|Tuesday, May 16, 2017
By John Spina
Jackson Hole Daily
Approval ratings for President Trump remain at historic lows and those of the Republican-controlled Congress have plummeted 22 points since February, according to a Gallup poll.
So the Teton County Republican Party is attempting to create some philosophical distance between itself and the national party — especially as political activists begin to focus on midterm elections.
Part of the county GOP’s effort to improve its communication work is a new virtual home at TetonGOP.com.
The new site, launched by Blue Sky Tech, offers a modern design along with much-improved functionality and access to up-to-date information.
New features include a calendar of events, volunteer and email sign-up, news releases, an online donation form, and information on contacting local, state and federal Republican officials.
“Effective communication with the citizens of this valley is critical to the future of the Teton County Republican Party,” said Paul Vogelheim, county GOP chairman. “With new leadership at the helm, we are excited to get our message and ideas for solutions to some of Teton County’s greatest challenges out to the community.”
The website relaunch follows the party’s recent election of new officers and release of updated principles focusing on fiscal responsibility, private-sector solutions, conservation and stewardship, and respect for individual freedom.
Along with its new virtual look, the local arm of the Republican Party is expected to announce a pivot away from some of the national party’s policy later this week.
“Paul understands the importance of broadening our base here in Teton County, recruiting new talent and ensuring Teton County has a seat at the table in tackling relevant state and national issues,” Wyoming state Sen. Leland Christensen said after electing Vogelheim chairman in March. “As the state continues to feel the crunch of the energy downturn, ensuring Teton County has strong Republican leadership both locally and in Cheyenne is more important than ever.”

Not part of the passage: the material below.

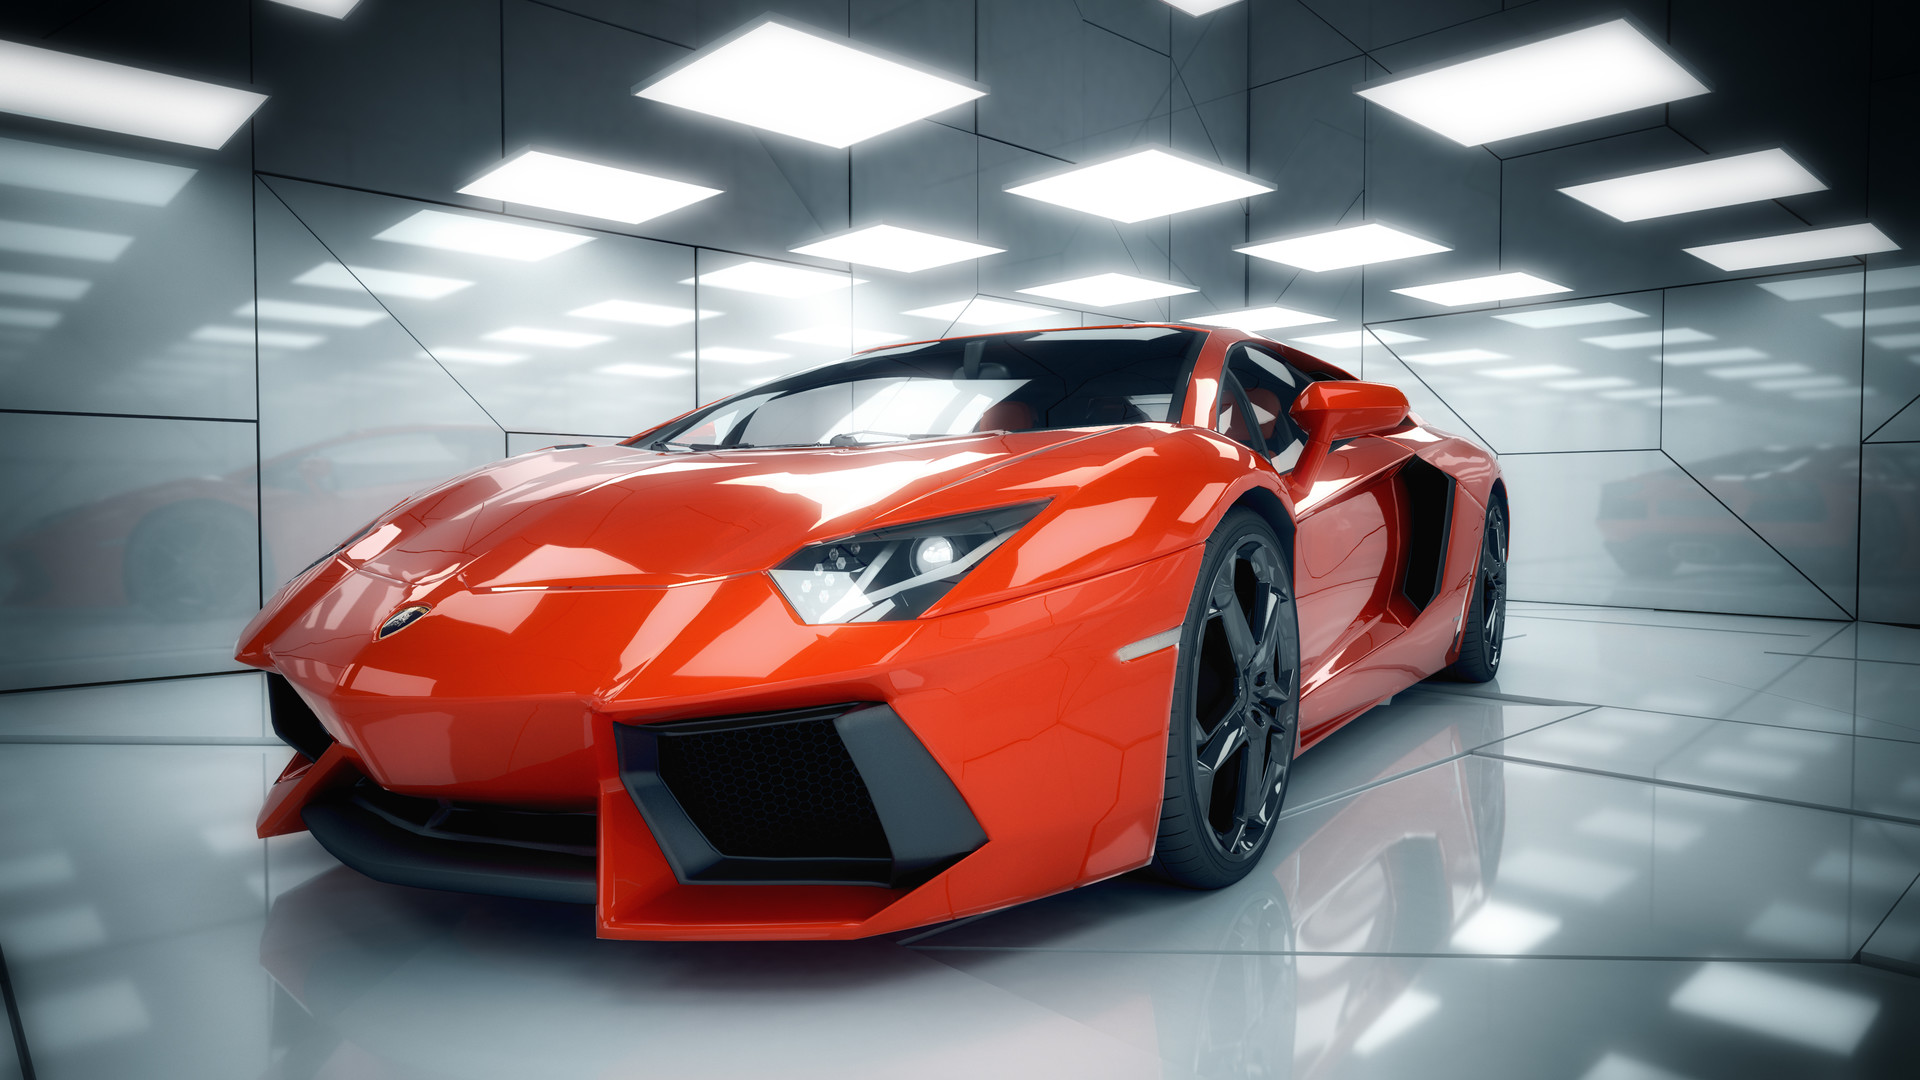 Mathias West Lamborghini Aventador And Bugatti Veyron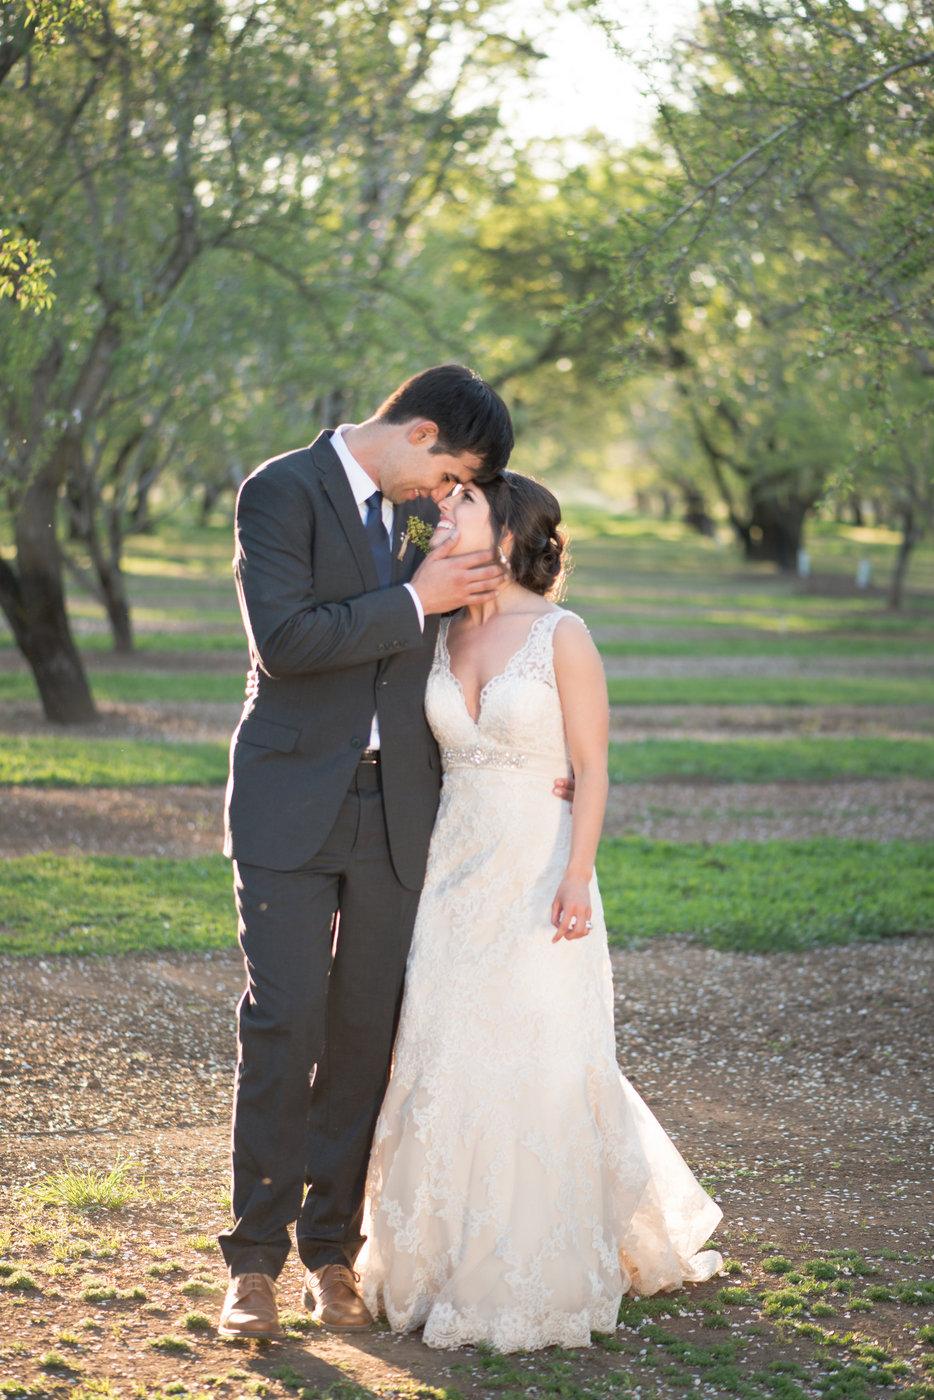 best-wedding-venue-in-chico-patrick-ranch-photospg

Though Republicans dominate Wyoming, in Teton County the party has slipped in recent years. In 1980 two-thirds of Teton County voters were Republicans, but by 2010 the party had fallen to under half of those registered. From 2004 to 2016 the decrease was from 57 to 44 percent.
During last year’s presidential campaign Democrats increased their share of voters in Teton County to about 36 percent. Independents and members of the Libertarian Party and the Constitution Party accounted for about 20 percent.
In contrast, about 10 of Wyoming’s 23 counties have GOP registration topping 80 percent, and the statewide figure is about 70 percent Republican.